Adam Smith is a professor of computer science at Boston University.
When is Memorization Necessary for Machine Learning?
Abstract: Modern machine learning models are complex, and frequently encode surprising amounts of information about individual inputs. In extreme cases, complex models appear to memorize entire input examples, including seemingly irrelevant information (exact addresses from text, for example). In this talk, we aim to understand whether this sort of memorization is necessary for accurate learning, and what the implications are for privacy.
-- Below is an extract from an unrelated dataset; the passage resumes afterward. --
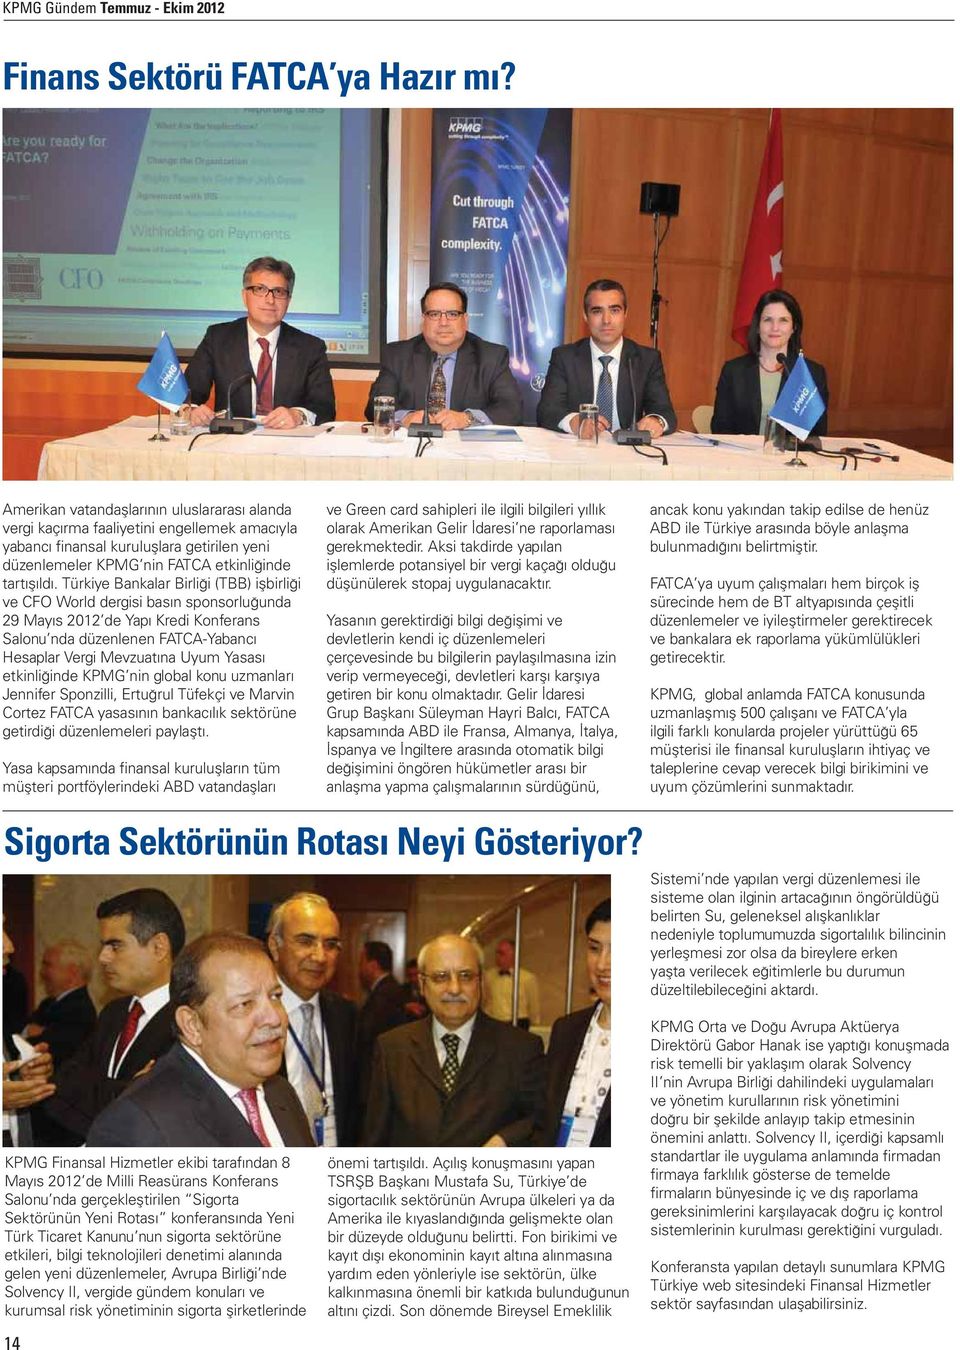 Türkiye Bankalar Birliği (TBB) işbirliği ve CFO World dergisi basın sponsorluğunda 29 Mayıs 2012 de Yapı Kredi Konferans Salonu nda düzenlenen FATCA-Yabancı Hesaplar Vergi Mevzuatına Uyum Yasası

We describe two results that explore different aspects of this phenomenon. In the first, from STOC 2021, we give natural prediction problems in which every sufficiently accurate training algorithm must encode, in the prediction model, essentially all the information about a large subset of its training examples. This remains true even when the examples are high-dimensional and have entropy much larger than the sample size, and even when most of that information is ultimately irrelevant to the task at hand. Further, our results do not depend on the training algorithm or the class of models used for learning.
Our second, unpublished result shows how memorization must occur during the training process, even when the final model is succinct and depends only on the underlying distribution. This leads to new lower bounds on the memory size of one-pass streaming algorithms for fitting natural models.
Joint work with Gavin Brown, Mark Bun, Vitaly Feldman, and Kunal Talwar.